4. Deduct your student loan interest
What’s the one silver lining of having student loan debt? The interest is tax deductible — even if you don’t itemize your deductions. Yes, there is an income limit to this deduction, but if you make less than $80,000 a year or $170,000 if you’re married and filing jointly, you can claim the full deduction of $2,500.
This will save you $625 annually, assuming you fall into the 24 percent federal income tax bracket, said tax expert, Bob Meighan, vice president of TurboTax, in an interview. “You can claim this deduction as long as the loan is in your name (or your spouse's if filing jointly) even if somebody else paid the interest — regardless of who that is.”
5. Get help from your employer
As employers look to attract and retain top talent, more and more companies are either exploring or offering one of the hottest things in benefits right now: student loan repayment assistance programs.
Consider this: if an employer offered an employee $10,000 in assistance (which is within the ballpark of the current industry standard), spread out in monthly payments throughout five years, the employee could shave three years off the time it takes to pay off the student loans, and save roughly $4,100 in interest. This example assumes the borrower has approximately $30,000 in student loan debt (which is about today’s average balance) and is paying the loan off on a 10-year standard repayment plan.

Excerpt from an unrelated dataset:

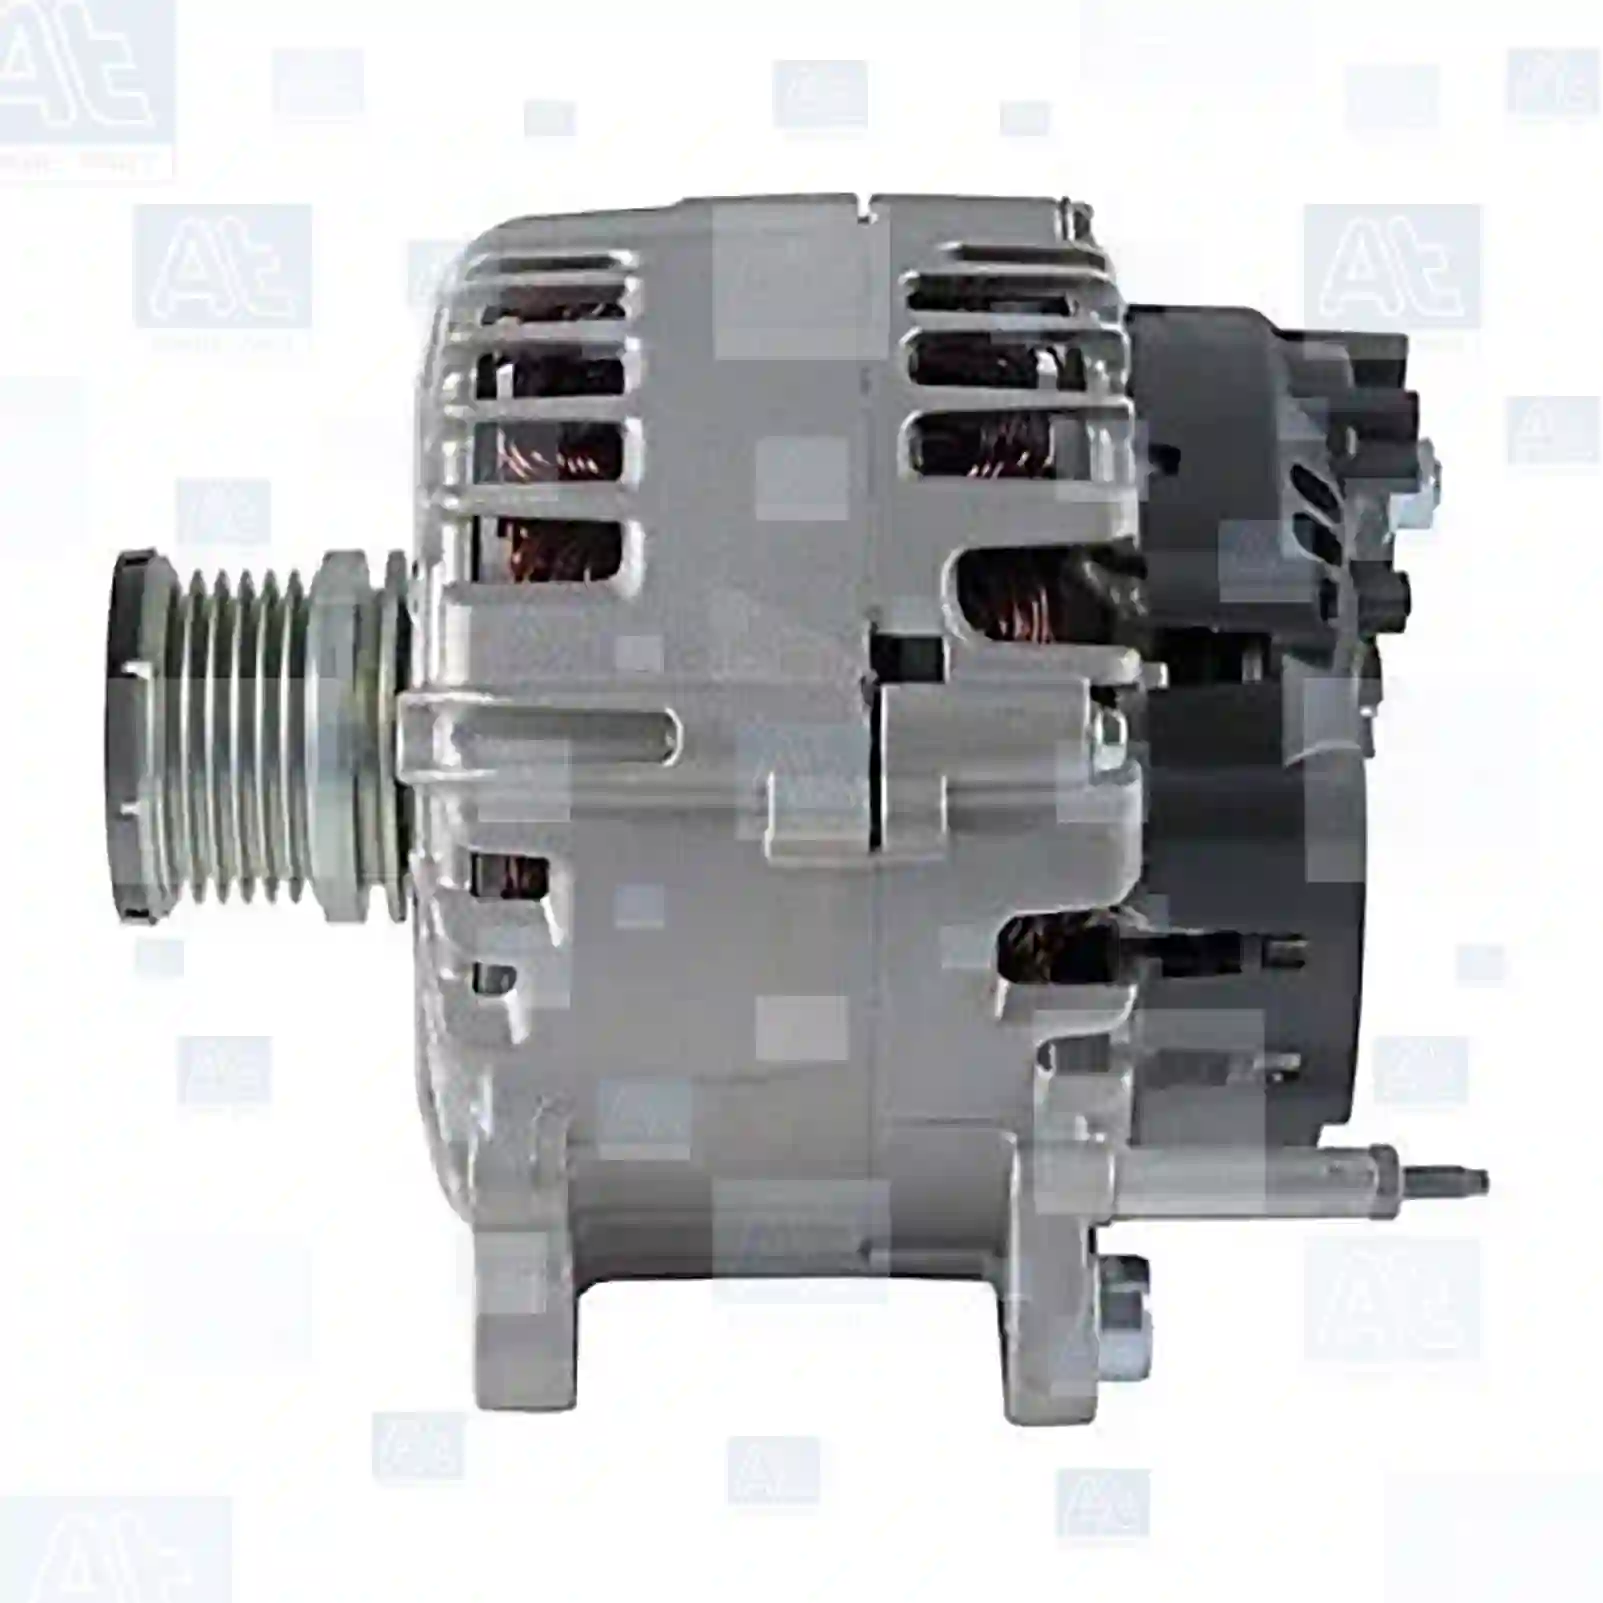 Alternator, at no 77710107, oem no: 03G903016L, 03L903023M, 03L903023N, 03L903024E, 03L903024L, 65261016004, 65261016005, 03G903016L, 03L903023M, 03L903023N, 03L903024E, 03L903024L, 03G903016L, 03G903016LX, 03L903023M, 03L903023MX, 03L903023N, 03L903023NX, 03L903024E, 03L903024L, 03L903024LX, 03L903024N, 03L903024NX, 04L903024A At Spare Part | Engine, Accelerator Pedal, Camshaft, Connecting Rod, Crankcase, Crankshaft, Cylinder Head, Engine Suspension Mountings, Exhaust Manifold, Exhaust Gas Recirculation, Filter Kits, Flywheel Housing, General Overhaul Kits, Engine, Intake Manifold, Oil Cleaner, Oil Cooler, Oil Filter, Oil Pump, Oil Sump, Piston & Liner, Sensor & Switch, Timing Case, Turbocharger, Cooling System, Belt Tensioner, Coolant Filter, Coolant Pipe, Corrosion Prevention Agent, Drive, Expansion Tank, Fan, Intercooler, Monitors & Gauges, Radiator, Thermostat, V-Belt / Timing belt, Water Pump, Fuel System, Electronical Injector Unit, Feed Pump, Fuel Filter, cpl., Fuel Gauge Sender,  Fuel Line, Fuel Pump, Fuel Tank, Injection Line Kit, Injection Pump, Exhaust System, Clutch & Pedal, Gearbox, Propeller Shaft, Axles, Brake System, Hubs & Wheels, Suspension, Leaf Spring, Universal Parts / Accessories, Steering, Electrical System, Cabin Alternator, at no 77710107, oem no: 03G903016L, 03L903023M, 03L903023N, 03L903024E, 03L903024L, 65261016004, 65261016005, 03G903016L, 03L903023M, 03L903023N, 03L903024E, 03L903024L, 03G903016L, 03G903016LX, 03L903023M, 03L903023MX, 03L903023N, 03L903023NX, 03L903024E, 03L903024L, 03L903024LX, 03L903024N, 03L903024NX, 04L903024A At Spare Part | Engine, Accelerator Pedal, Camshaft, Connecting Rod, Crankcase, Crankshaft, Cylinder Head, Engine Suspension Mountings, Exhaust Manifold, Exhaust Gas Recirculation, Filter Kits, Flywheel Housing, General Overhaul Kits, Engine, Intake Manifold, Oil Cleaner, Oil Cooler, Oil Filter, Oil Pump, Oil Sump, Piston & Liner, Sensor & Switch, Timing Case, Turbocharger, Cooling System, Belt Tensioner, Coolant Filter, Coolant Pipe, Corrosion Prevention Agent, Drive, Expansion Tank, Fan, Intercooler, Monitors & Gauges, Radiator, Thermostat, V-Belt / Timing belt, Water Pump, Fuel System, Electronical Injector Unit, Feed Pump, Fuel Filter, cpl., Fuel Gauge Sender,  Fuel Line, Fuel Pump, Fuel Tank, Injection Line Kit, Injection Pump, Exhaust System, Clutch & Pedal, Gearbox, Propeller Shaft, Axles, Brake System, Hubs & Wheels, Suspension, Leaf Spring, Universal Parts / Accessories, Steering, Electrical System, Cabin

Yes, this student loan help is treated as taxable income for workers, but despite the caveat, it’s still “a meaningful perk for someone with a bachelor’s degree,” said senior data analyst, Victoria Simons, who crunched the numbers for NerdWallet.com, a personal finance site, in an interview.
So, what if your employer doesn’t currently offer such a plan? “They may be willing to include repayment as part of your benefits package even if they don’t officially offer it. It never hurts to ask,” said Gobel, “especially if the company is trying to woo you.”